Старый Ржонд поморщился и быстро пошел в буфет.
Петрик остался на платформе. Он видел, как вытянулся перед Старым Ржондом Ферфаксов. Они пошли в угол буфета. Ферфаксов стоял, внимательно слушая командира, и за ним, такой же внимательный, стоял Бердан. Кудумцев открыл дверь, пропуская Анелю. Ананьев достал блокнот из полевой сумки и что-то писал на столе с недопитыми стаканами.
Мимо Петрика, позванивая шпорами, бежали по вагонам солдаты. Веселые, безпечные голоса раздавались в утреннем воздухе. Кто-то, должно быть, читая вывеску на станции, сочно сказал:
— Прощевай, станция Шань-дао-хедзы!..
Прицепили паровоз. Вагоны, звякая цепями и буферами, подались назад. Сторож стал у звонка и ударил три раза в колокол: "воинскому отправление". Трубач проиграл еще раз — «садись» — и для большей прочности прибавил: — «карьер». Все люди были по вагонам.
Анеля стояла у офицерского «микста» и к ней с площадки перегнулся стройный Кудумцев. Оба смеялись.

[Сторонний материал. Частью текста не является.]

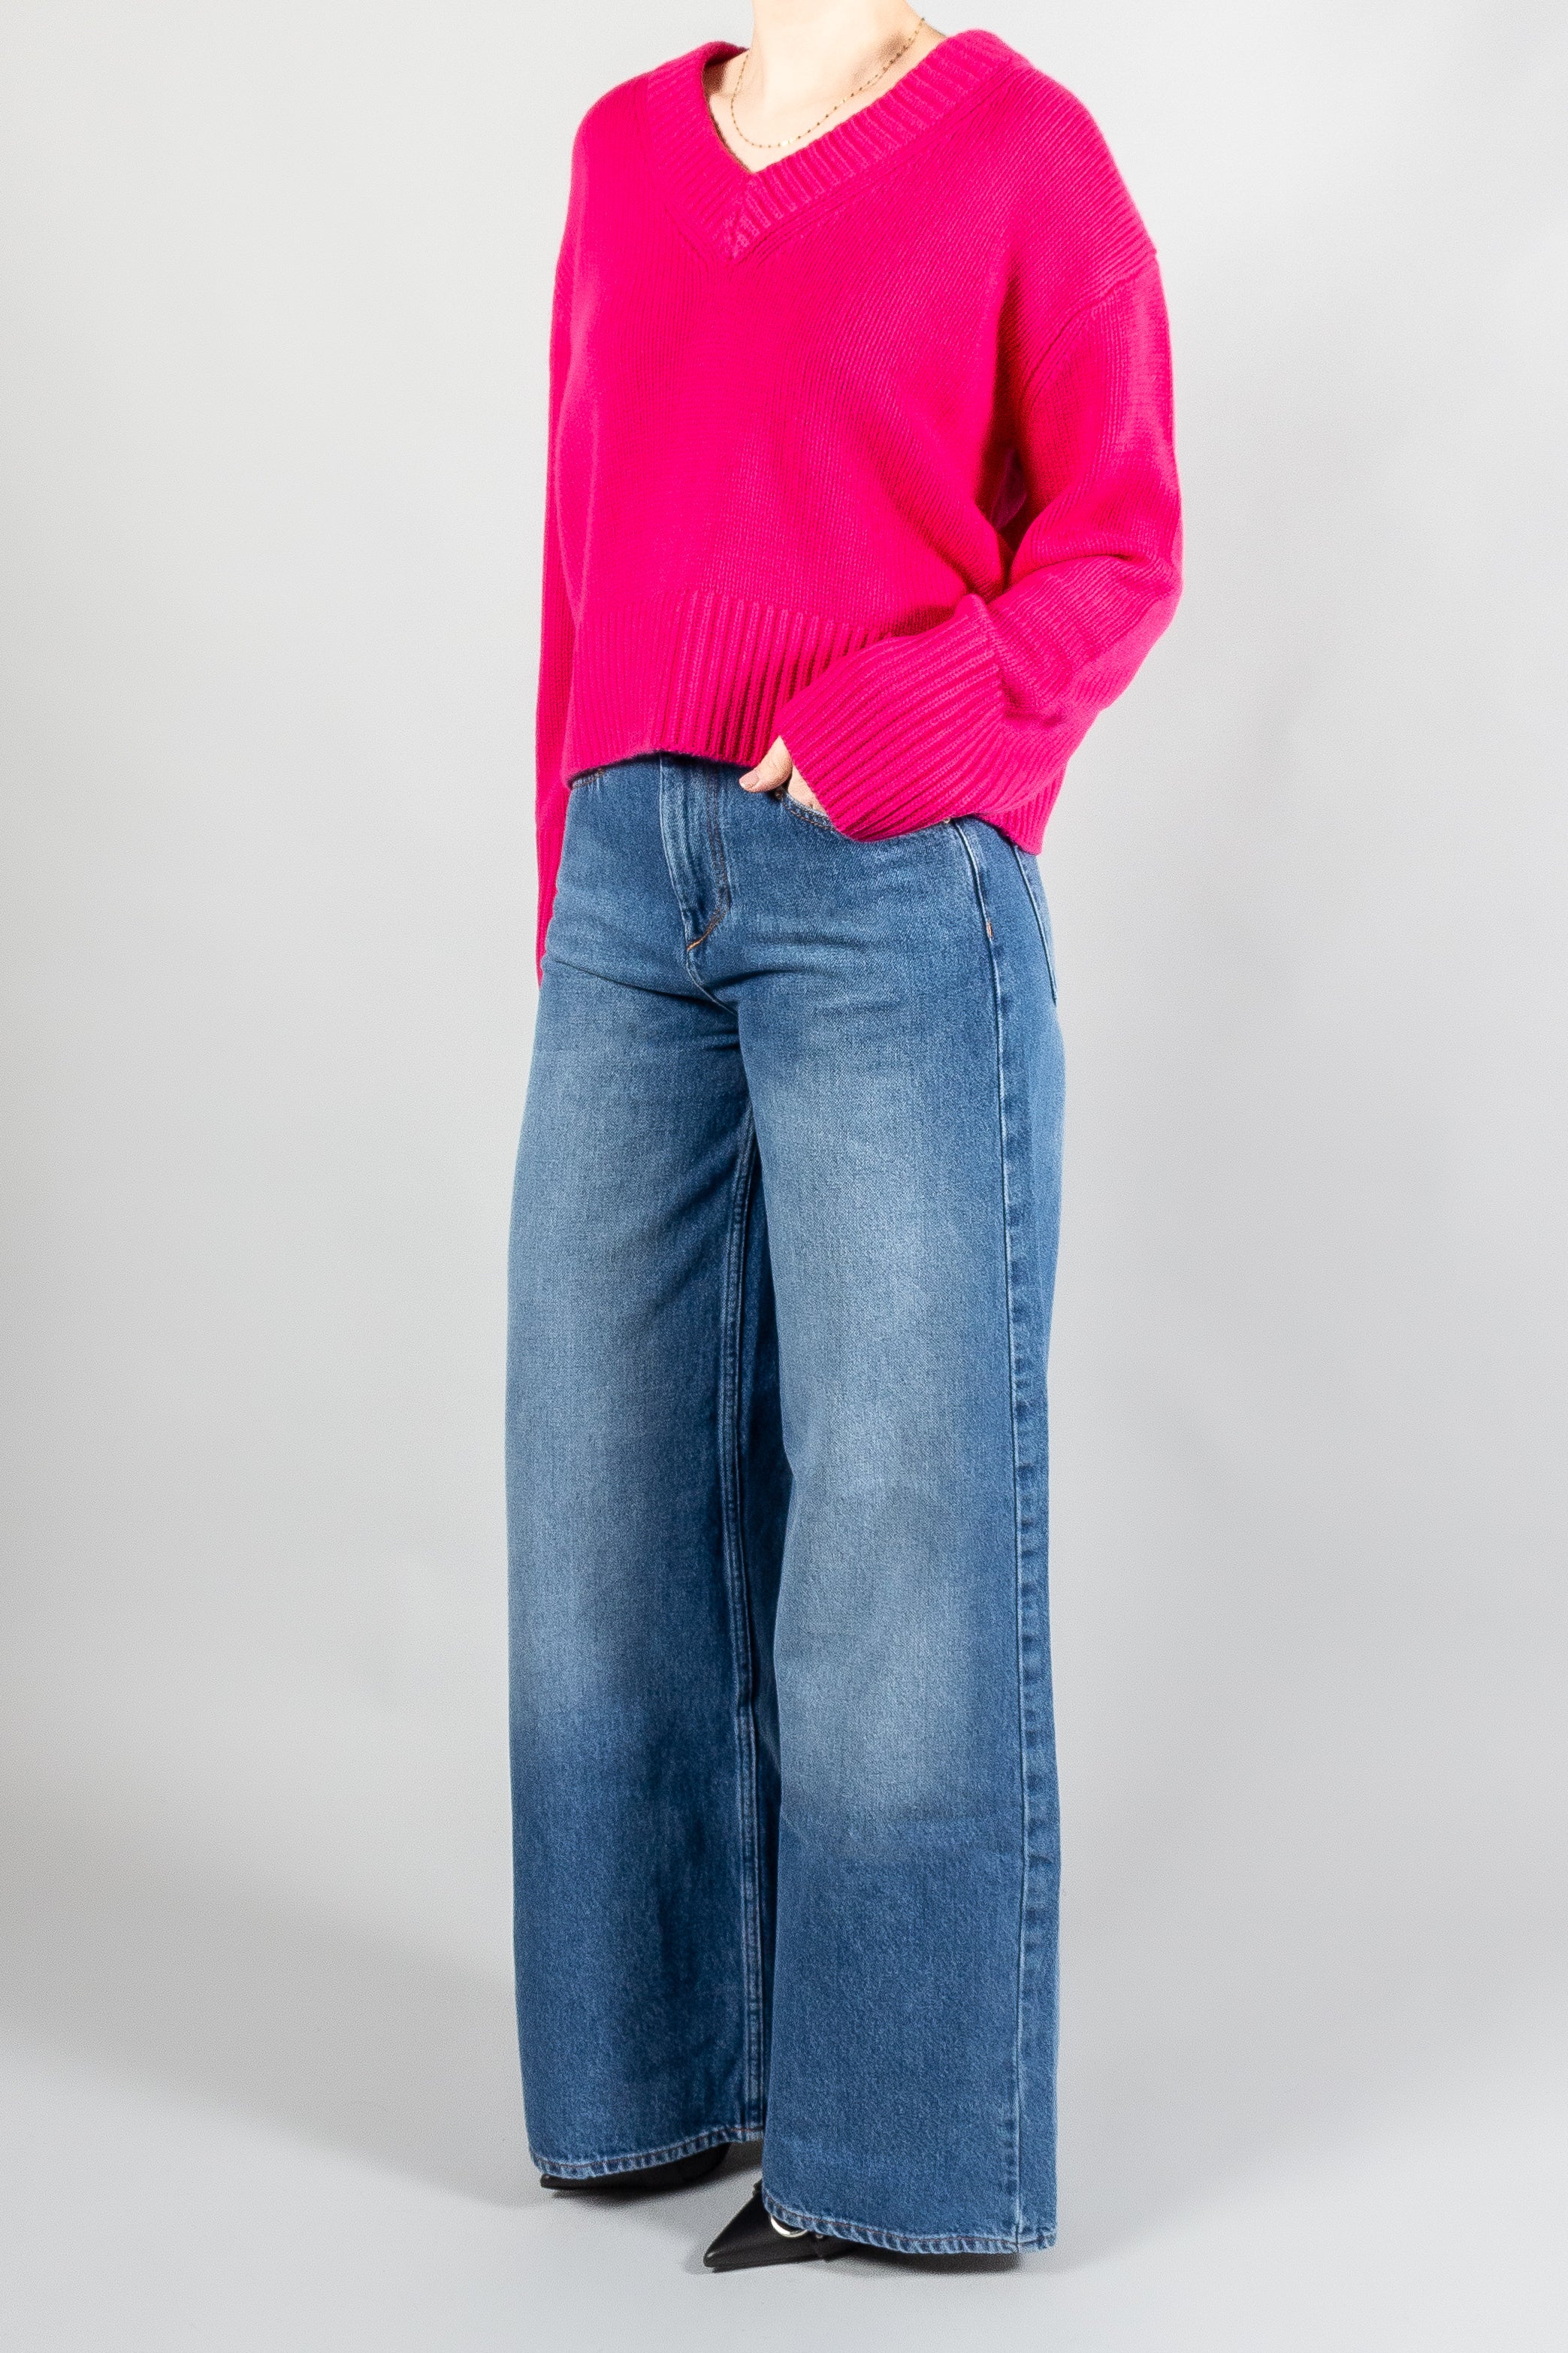 Lisa Yang Aletta Sweater-Knitwear-Misch-Boutique-Vancouver-Canada-misch.ca

Дежурный по эшелону, бравый унтер-офицер при "полной боевой" подошел, чеканя шаги, к Петрику, щелкнул шпорами, приложил руку к лихо надетой на бок фуражке.
— Ваше высокоблагородие, прикажете отправлять?
— Да… отправлять!
Платформа опустела. Старый Ржонд, ведя под руку Ферфаксова, прошел с ним в телеграфную. Помахал рукою Петрику на прощанье.
Кудумцев был в окне вагона. Анеля тянулась к нему руками.
"Если бы это было чувство?… Тогда понятно — не место чувству там, где долг!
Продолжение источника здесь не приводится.